Lassolowalpha=Lasso(alpha=0.001).fit(X_train, Y_train)          # Lasso model with alpha =0.001
print("R2 score for low alpha lasso model",Lassolowalpha.score(X_test,Y_test))
nozl1=np.sum(Lassolowalpha.coef_!=0)
print("The number of non zero coeficient in low alpha lasso model are",nozl1)

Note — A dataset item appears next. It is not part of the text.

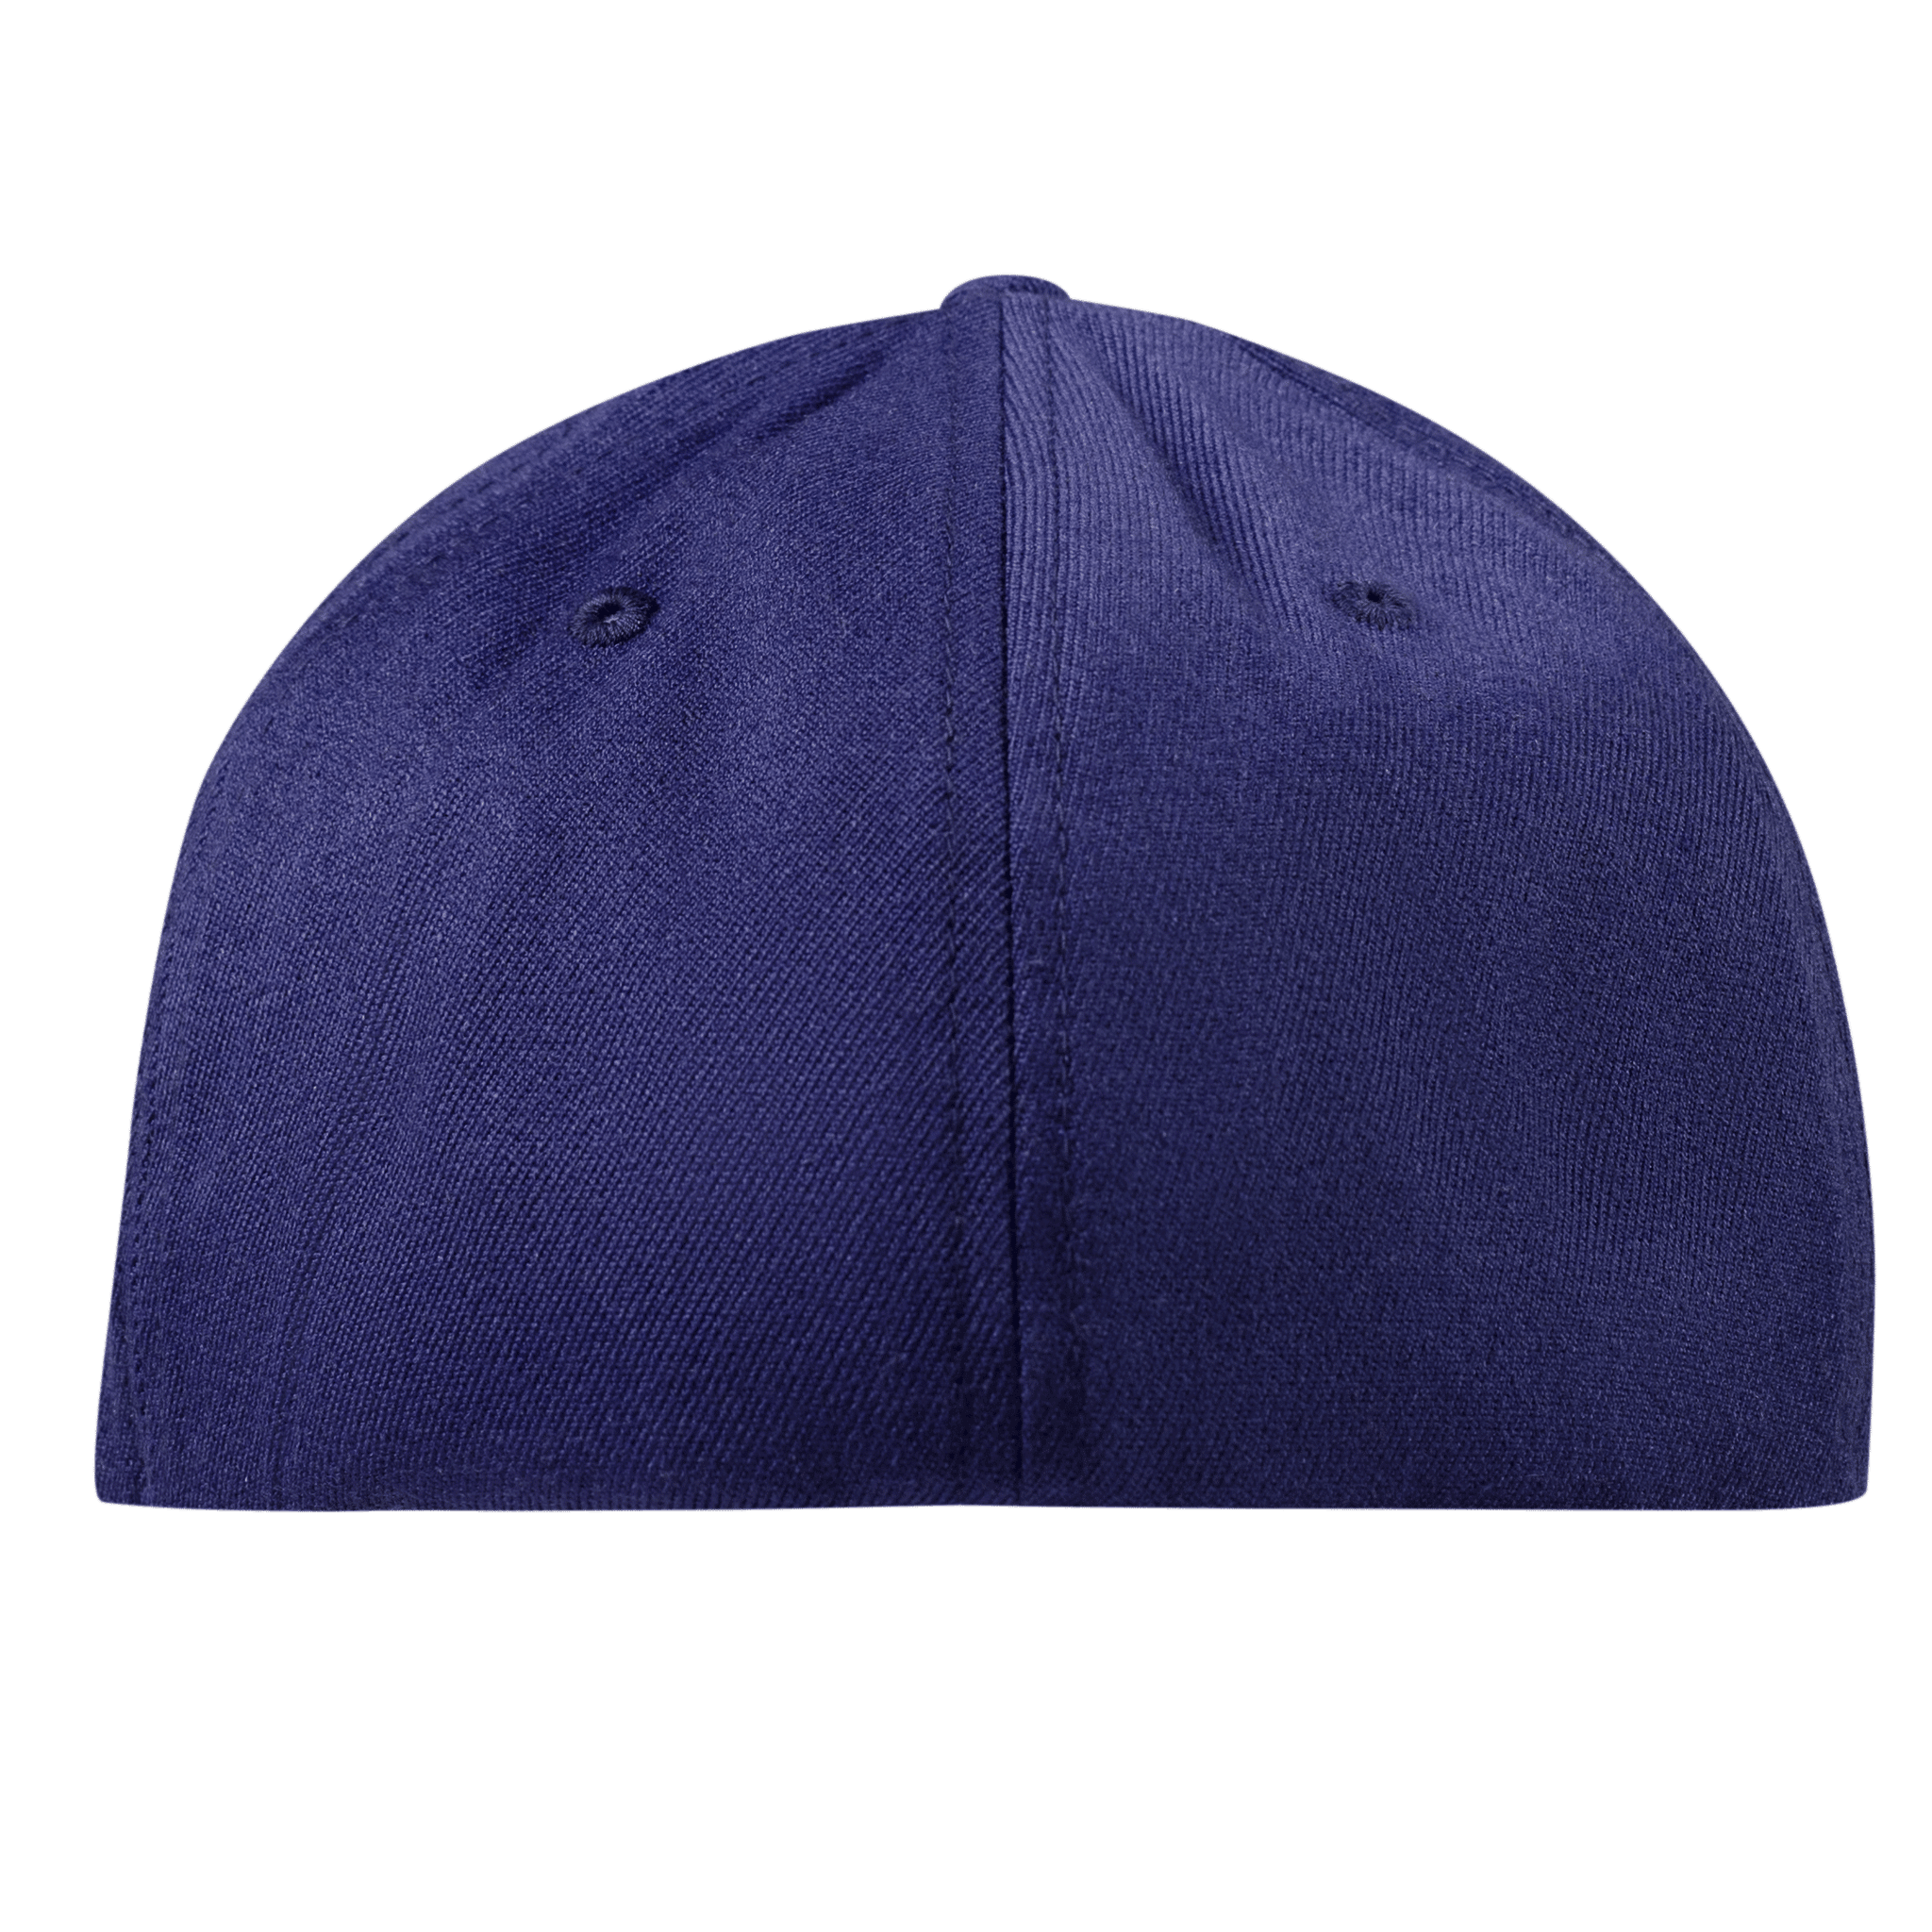 Colorado 38 Midnight Flexfit Fitted Back Navy

R2 score for ridge model 0.6916568212105104
The number of non zero coeficient in Ridge model are 13
R2 score for lasso model 0.2247796373828993
The number of non zero coeficient in lasso model are 2
R2 score for low alpha lasso model 0.7241866900918309
The number of non zero coeficient in low alpha lasso model are 13
R2 score for lasso2 model 0.7245555583182401
The number of non zero coeficient in Ridge model are 13


### D) Comment on your result. In this problem, do all feature seem important in making predictions?


In [None]:
# For the lasso model, high value of alpha(100) leads to model which only has 2 non zero coefficients while a really low
# value of alpha(0.001) leads to a model which has 13 non zero coefficients. The better R2 score(0.72 vs 0.22) for low aplha model 
# suggests that atleast more than 2 features are required to make the predication. The value of non zero coefficents depends 
# on alpha and whether the R2 score peaked with alpha=0.001 cant be said with complete certainity.Also features vary in
# scale and making a model without feature scaling will have shortcomings. Though the R2 score from the low aplha lasso
# model makes it seem like that all features are important in making predictions.